STOCKING DENSITIES ON GROWTH, ANTIOXIDANT ENZYME ACTIVITIES AND INTESTINAL MICROBIOTA OF HYBRID OF CULTER ALBURNUS (♀)×MEGALOBRAMA TERMINALIS (♂) IN IPRA SYSTEM

  • 摘要: 为探讨池塘内循环流水养殖(In-pond Raceway Aquaculture, IPRA)太湖鲂鲌幼鱼的合理放养密度, 以初始体重为(5.58±0.45) g的太湖鲂鲌幼鱼为研究对象, 设置3个放养密度: 0.5 (SD1)、1.0 (SD2)、1.5 kg/m3 (SD3), 在养殖第90、第120、第150、第180天采样, 对其生长性能、血清和肝脏抗氧化酶活力进行分析, 实验结束后分析肠道微生物群落组成。生长结果表明: 养殖120d, 当放养密度超过1.0 kg/m3时, 太湖鲂鲌幼鱼的体重和特定生长率(SGR)显著降低(P<0.05), 养殖150—180d, 体重和SGR随着放养密度的升高显著降低(P<0.05)。血清抗氧化酶结果表明: 养殖90d, 太湖鲂鲌血清抗氧化酶的活力随着放养密度的升高而增加, SD3组显著高于SD1组(P<0.05)。养殖150—180d, 血清抗氧化酶的活力随着放养密度的升高而降低, 养殖180d, SD3组抗氧化酶的活力显著低于SD1组(P<0.05)。肝脏抗氧化酶结果表明: 养殖150—180d, 肝脏中抗氧化酶活力随着放养密度的增加而升高, GSH-Px的活力随着放养密度的增加显著升高(P<0.05)。养殖前120d, 丙二醛(MDA)的水平随着放养密度的升高有所降低, 养殖180d, SD2和SD3组的MDA水平显著高于SD1组(P<0.05)。肠道微生物结果表明, 在属水平, 各密度组肠道微生物群落组成发生明显改变, 气单胞菌属(Aeromonas)、假单胞菌属(Pseudomonas)和不动杆菌属(Acinetobacter)等在SD3组的相对丰度显著增加(P<0.05), 而Shannon多样性指数显著降低(P<0.05)。综上, 在试验条件下, 当养殖时间小于120d, 放养密度小于1.0 kg/m3时, 太湖鲂鲌幼鱼的生长和抗氧化能力未受显著影响, 建议放养密度小于1.0 kg/m3; 当养殖时间为150—180d, 放养密度大于0.5 kg/m3时, 放养密度对太湖鲂鲌幼鱼的生长产生了抑制, 肠道微生物群落组成中条件致病菌显著增加、多样性指数显著降低, 建议放养密度小于0.5 kg/m3

     

    Abstract: This experiment was conducted to evaluate the appropriate stocking density of a new hybrid strain of (♀Culter alburnus) × (♂Megalobrama terminalis) initial body weight of (5.58±0.45) g for in-pond raceway aquaculture (IPRA) system.
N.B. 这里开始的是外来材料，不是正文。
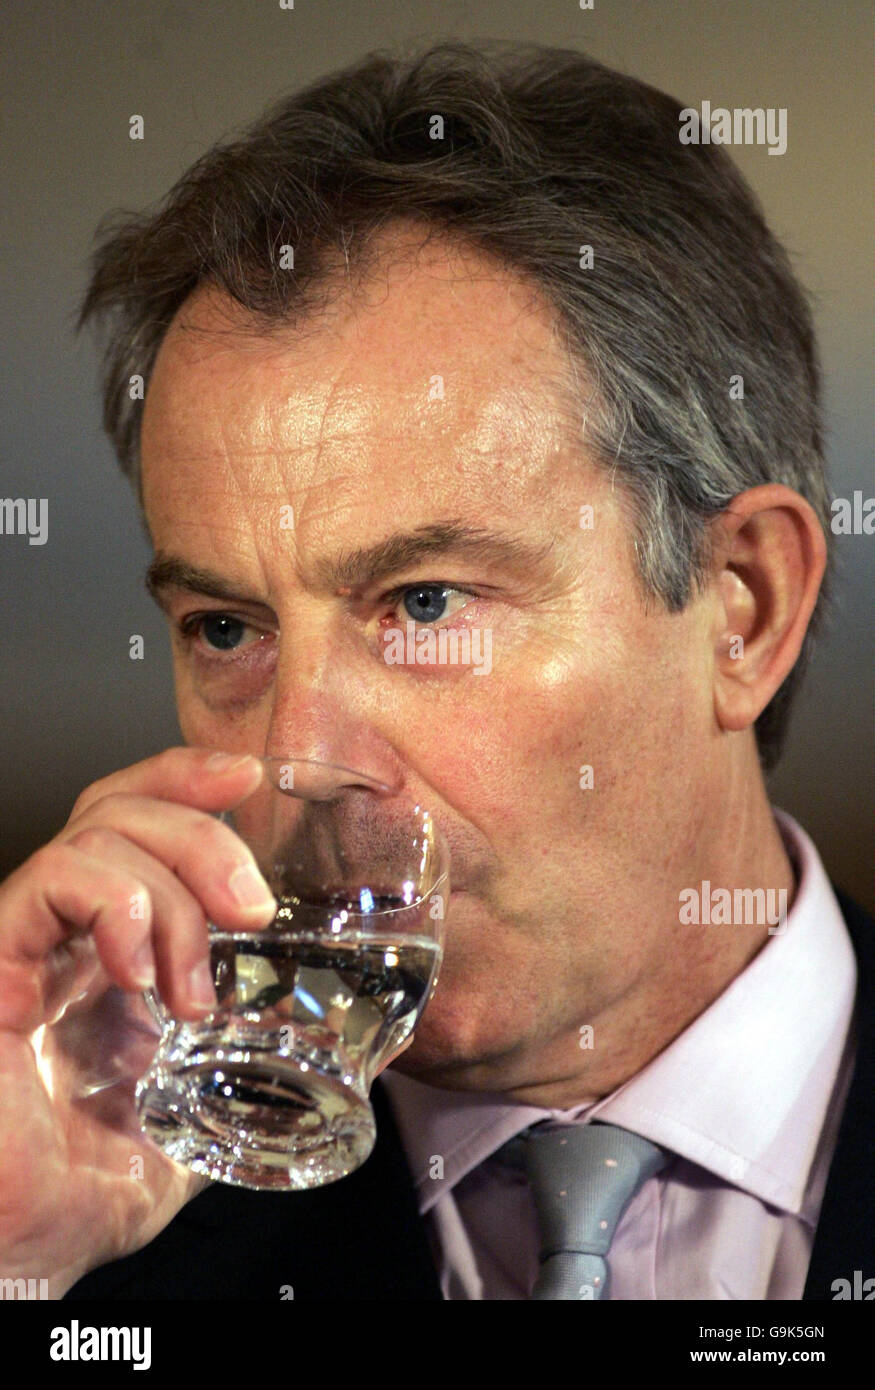 Le Premier ministre britannique Tony Blair prend un verre d'eau lors d'une  conférence de presse conjointe avec le président du Kazakhstan Nursultan  Nazarbayev, à l'intérieur du 10 Downing Street à Londres Photo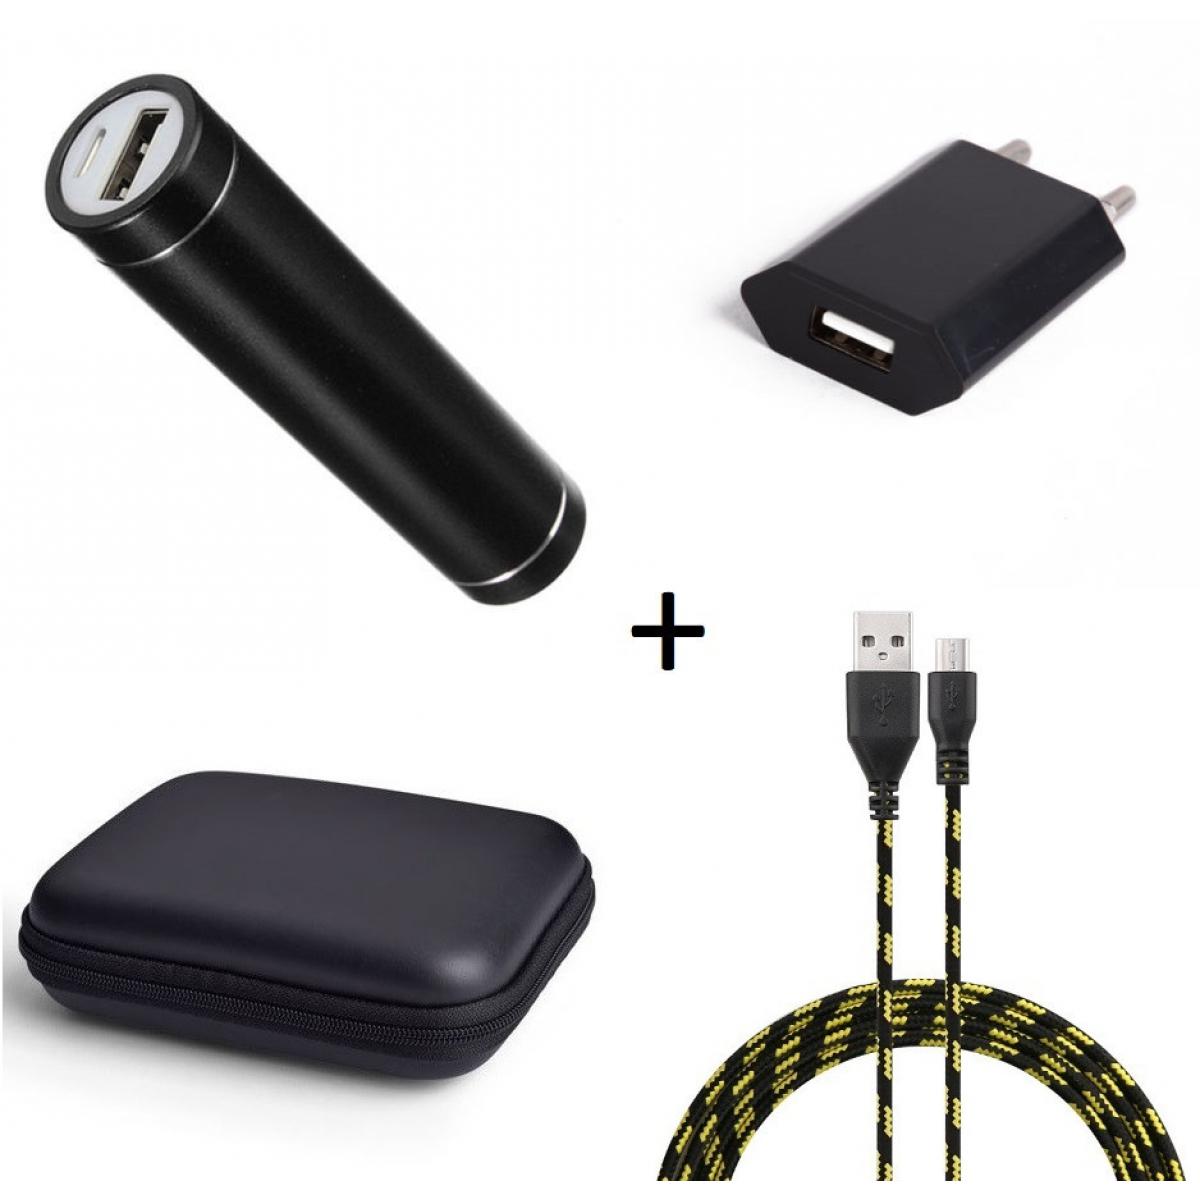 Shot - Pack pour GIONEE F9 (Cable Chargeur Micro USB Tresse 3m + Pochette + Batterie + Prise Secteur) Android (NOIR) - Chargeur secteur téléphone

The new hybrid strains were farmed in three stocking densities of 0.5 (SD1), 1.0 (SD2) and 1.5 kg/m3 (SD3). The growth and antioxidant enzyme activities were analyzed on 90, 120, 150 and 180 days while the intestinal microbiota composition was analysed when the experiment finished. Growth results showed that the body weight and specific growth rate (SGR) decreased significantly when stocking density was above 1.0 kg/m3 on 120 days (P<0.05). In the day of 150—180, indices of SGR and body weight decreased significantly with the increasing of rearing density (P<0.05). Antioxidant enzyme activities in serum increased with the increasing of stocking density on 90 days, and fish farmed at SD3 had significantly higher antioxidant enzyme activities than group of SD1 (P<0.05). In contrast, antioxidant enzyme activities in serum decreased with the increasing of stocking density in the day of 150—180, and the activities of catalase (CAT) and total antioxidant capacity (T-AOC) were significant lower in the group of SD3 than group of SD1 (P<0.05). Antioxidant enzyme activities in liver increased with increasing stocking density in the day of 150—180, and values of GSH-Px decreased significantly with the increasing of stocking density (P<0.05). MDA level decreased with increasing stocking density before the day of 120, whereas fish farmed at SD2 and SD3 groups had significant higher MDA values than the SD1 group on 180 days. The intestinal microbiota results demonstrated that microbiota community changed in genus level obviously, and the relative abundances of pathogenic genus such as Aeromonas, Pseudomonas and Acinetobacter increased while Shannon diversity indices decreased significantly in group of SD3 (P<0.05). In conclusion, when culturing days below 120, the stocking density of SD2 had no great effect on the growth and antioxidant capacity, and the suitable stocking density is suggested below 1.0 kg/m3. When culturing time extends to 150 days, the stocking density of SD1 would inhibit growth and increase the relative abundances of pathogenic genus and decrease the Shannon diversity index of intestine microbiota, therefore 0.5 kg/m3 is suggested as an appropriate density.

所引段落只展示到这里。